Here are some other tactical recommendations for those who are interested in getting their process better:

  1. Incorporate your Buying Persona exercise in your annual planning. There is no reason why you shouldn't make revisions to the definition. Markets and organizations can change over 6 or 12 months. Why would you leave that on the table, assuming your profit and loss won't be impacted? Do you feel more confident that your revenue target gets achieved without buying persona exercise? That's what I thought.

  2. Define your ICP first. Buying Persona is often representing or purchasing on behalf of their organizations. You must define the ICP before including or collecting data behind their individuals or roles within these organizations. Since every industry or market follows different conditions, their functions, behaviors, and responsibilities might differ. It's essential to play well to their preferences.

  3. Align the activities related to the specific persona with your sales process. Steps in the stages of your sales must include expectations around the buying persona goals, objectives, and ability to consume the right collateral. You can't just send anything.
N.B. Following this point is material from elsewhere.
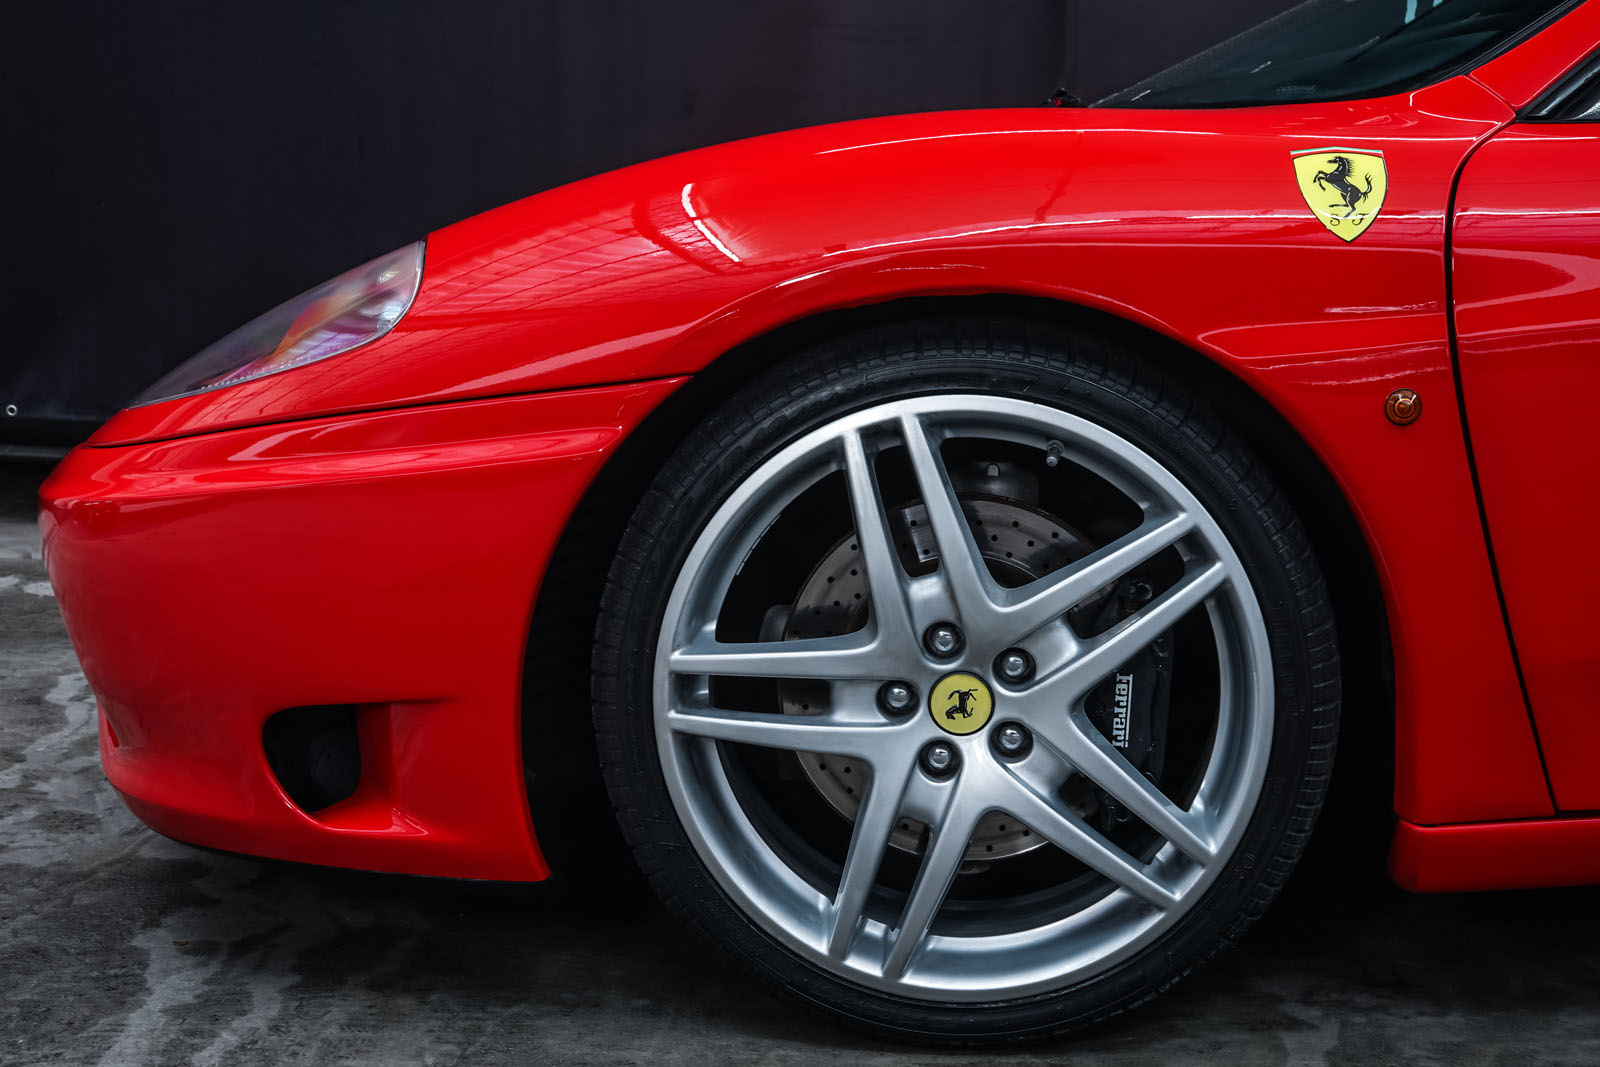 Ferrari_360_Modena_Rot_Schwarz_FER-4576_3_w

Your materials or meetings must be well thought out from the contact perspective so that your buyer is walked through the well-designed disciplined thinking that builds their perception about the solution and their role objectives. Think about it as an evolution of your relationship with your newly met acquaintance. You are not sharing with them all the details about your private life. That's how most of us operate at work.

  4. Assemble your data sources into one model. Gather customer surveys, market research from think tanks, website analytics, social media data, and customer interviews. These all should be ranked, dissected, and synthesized before decisions are made and changes operationalized, trickling down into daily operations.

  5. Structure your data mix categories between demographics, buying behavior, psychographics, pain points, and role in the buying committee. Often you will end up with several roles that must be identified in this exercise. Each of them will have a different percentage behind these categories.

  6. Review and adjust regularly. You don't have to wait for another planning exercise to make a few tweaks here and there. It is not an exact science-like exercise; therefore, once you set up your machine, your conclusions and adjustments will become a more straightforward call.

  7. Finally, you must be specific enough. It can only be done at a low level; otherwise, your teams will abandon this quickly. The trick is to have enough details so each seller can figure out several ways to make conversations appealing. The more information we know about this persona, the more angles you get as a seller to enter the conversation. Getting someone's attention is more challenging than ever; therefore, you can't afford to do this work scratching the surface. That may be the secret to why not many organizations follow these principles.